When Kara came home from her first semester in
college, she was ill with a fever and a sore throat.
And so I brought her to the pediatrician’s office.
And the female physician in the practice examined her
and did a rapid strep test. But in the interim of waiting for the results, that
same female pediatrician came into the examining room and handed me flyer. She
said I just wanted you to know that I am
now doing botox parties—and I thought maybe you and your friends might be
interested.
I was speechless.
My first thought was Do I look like I need botox? Because that was insulting.
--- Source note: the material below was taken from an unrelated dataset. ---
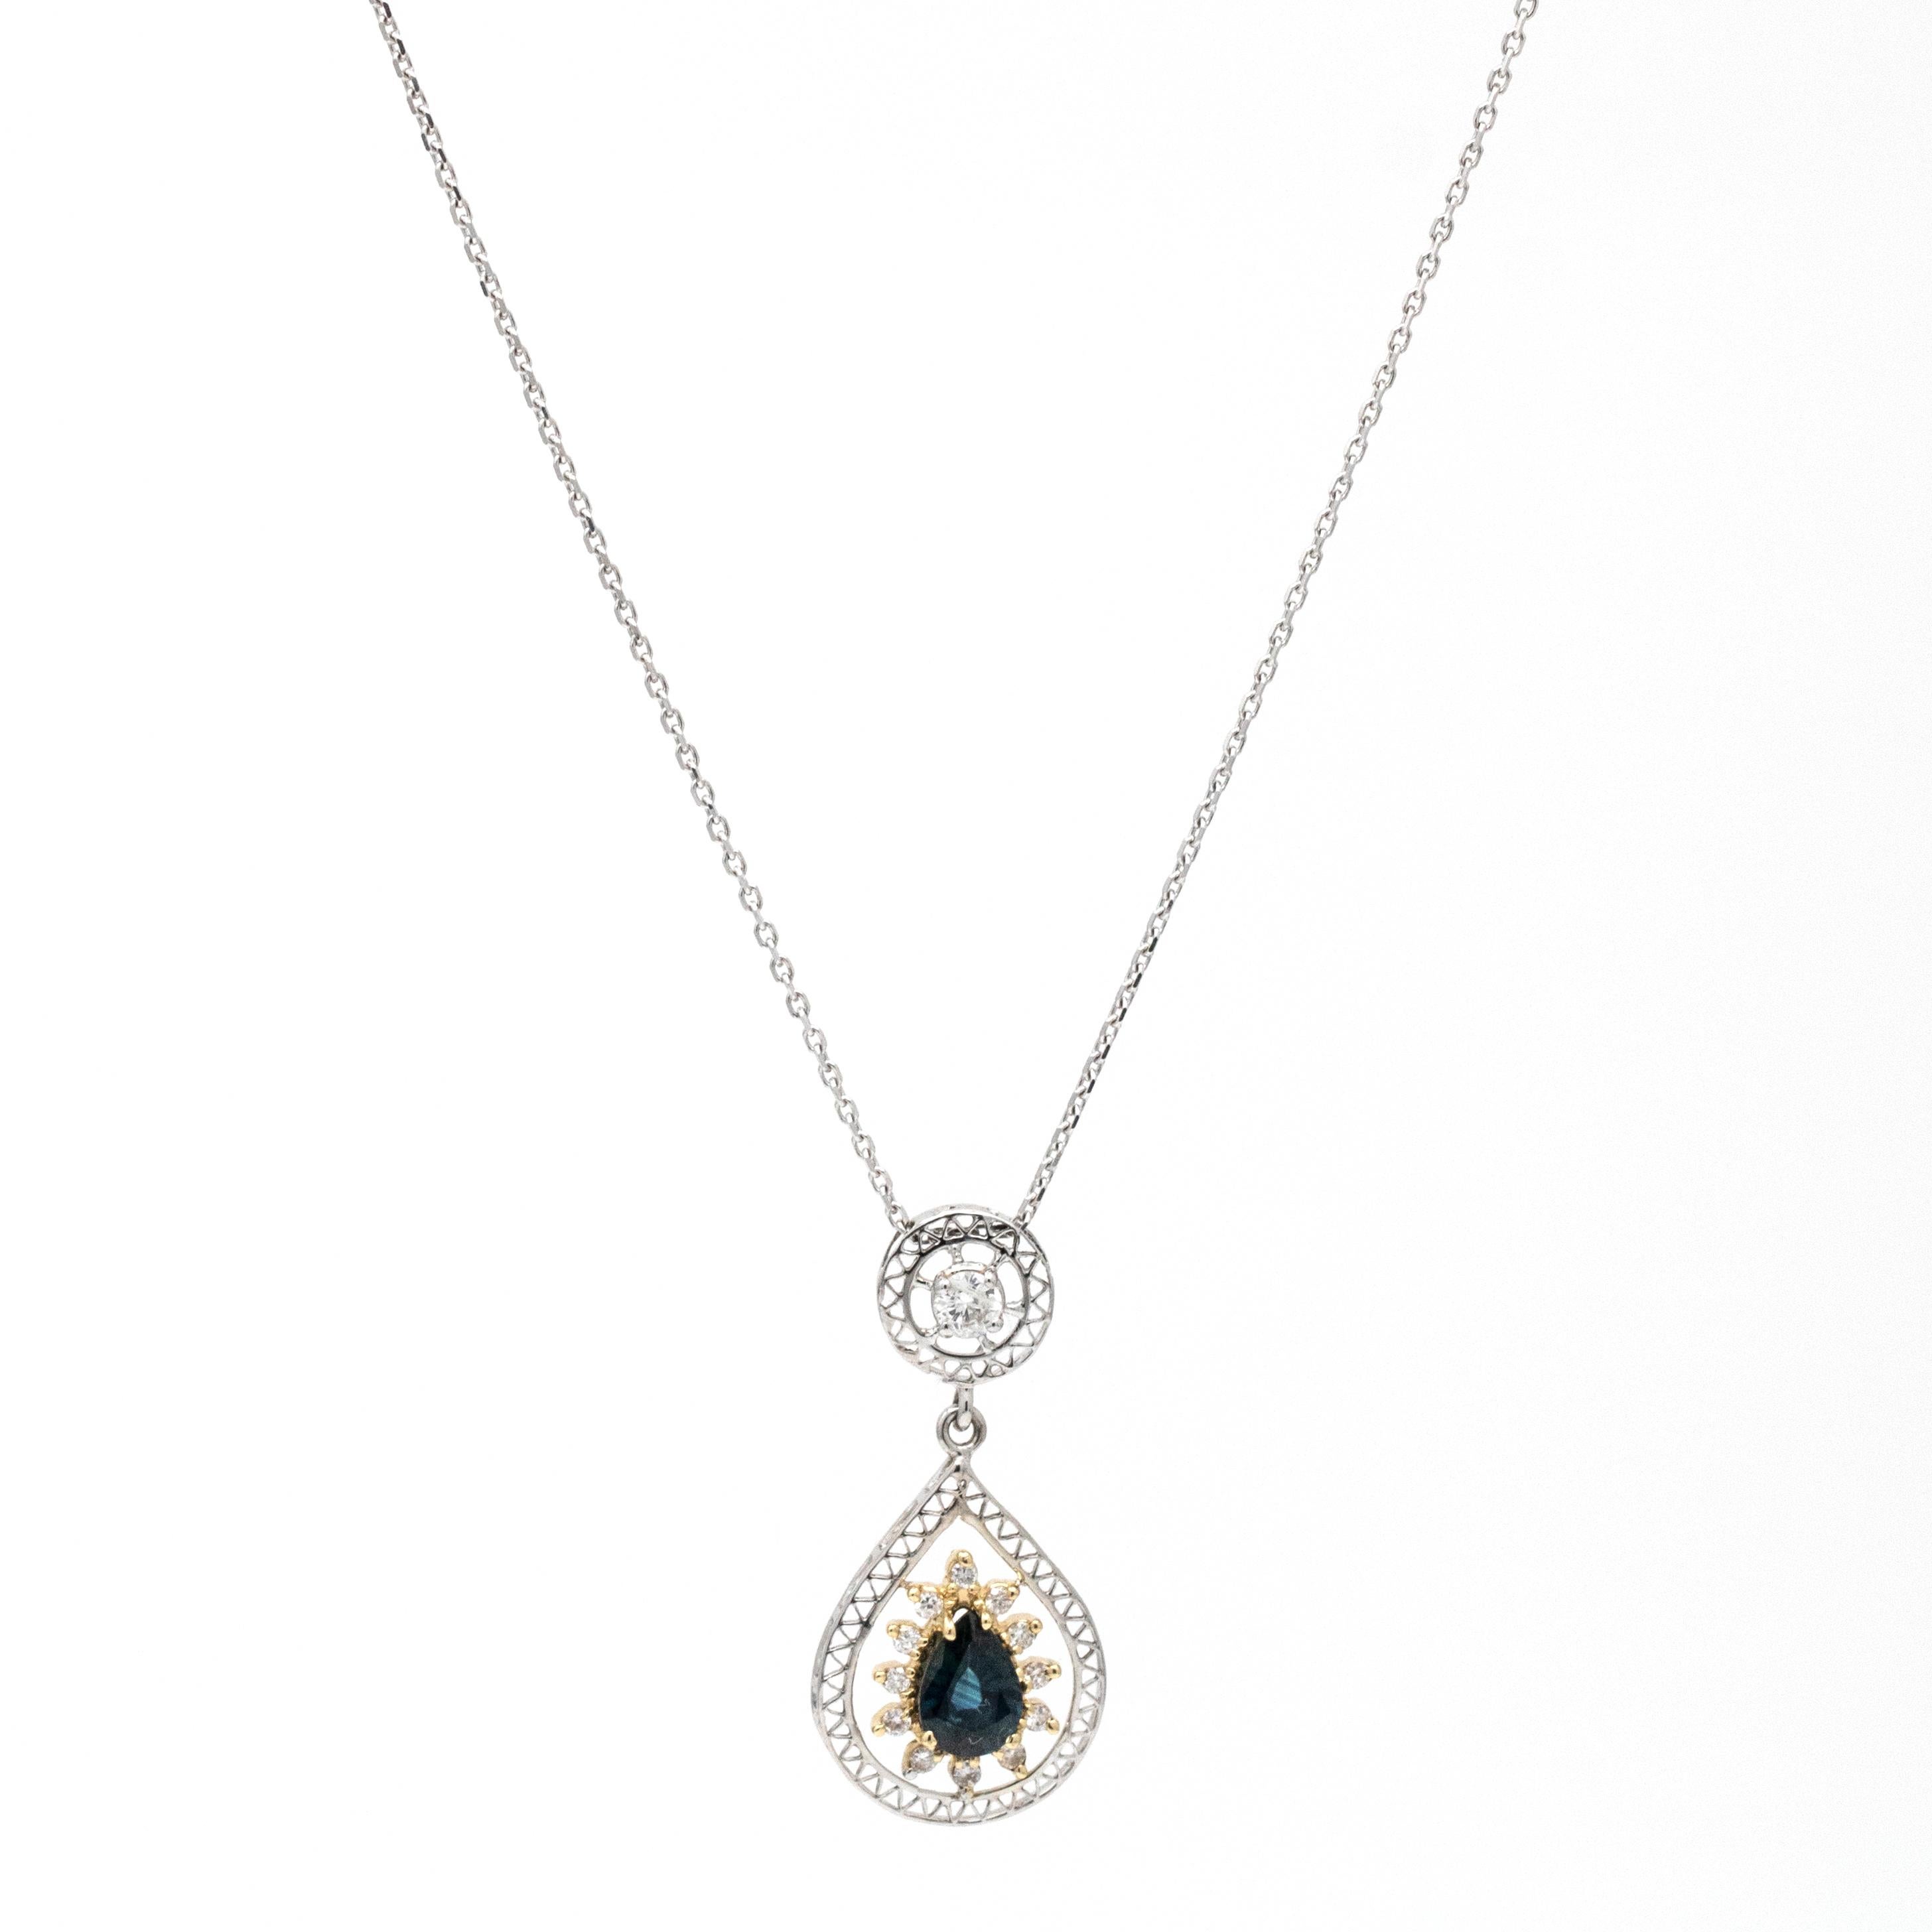 Handcrafted Women's Diamond and Blue Sapphire Dangle Pendant Necklace 14k Gold In Excellent Condition For Sale In Boca Raton, FL

Which was
then followed by Or is it that my sense
of style and general upkeep suggests that I already do botox? Which still
was insulting, but to a lesser extent.
But my third thought was Wow this is really awkward and inappropriate in a pediatrician’s office—and
if I really did want botox why would I go to her—a pediatrician?
As I did some food preparation yesterday I put The Katie Couric Show on. The topic was Dying to be Beautiful. The program
chronicled plastic surgery procedures gone awry. And while I am normally not
disturbed by blood and gore, I was sickened by the disfigurement and death of
people at the hands of poorly qualified physicians.
The take home message was: Never allow any cosmetic procedure
to be done without access to emergency care and never agree to have any physician
who is not board certified in plastic surgery perform any medical procedure or
injection of any kind.
And then I thought of that female pediatrician
injecting botox at parties up on the North Shore. I wondered if the money was
worth the risk—for everyone involved.
Because the first line of the Hippocratic oath is Do no Harm and the second line is I will not use the knife, not even on sufferers from stone, but will withdraw in favor of such men as are engaged in this work—2 key things in the memo that that female pediatrician apparently did not receive.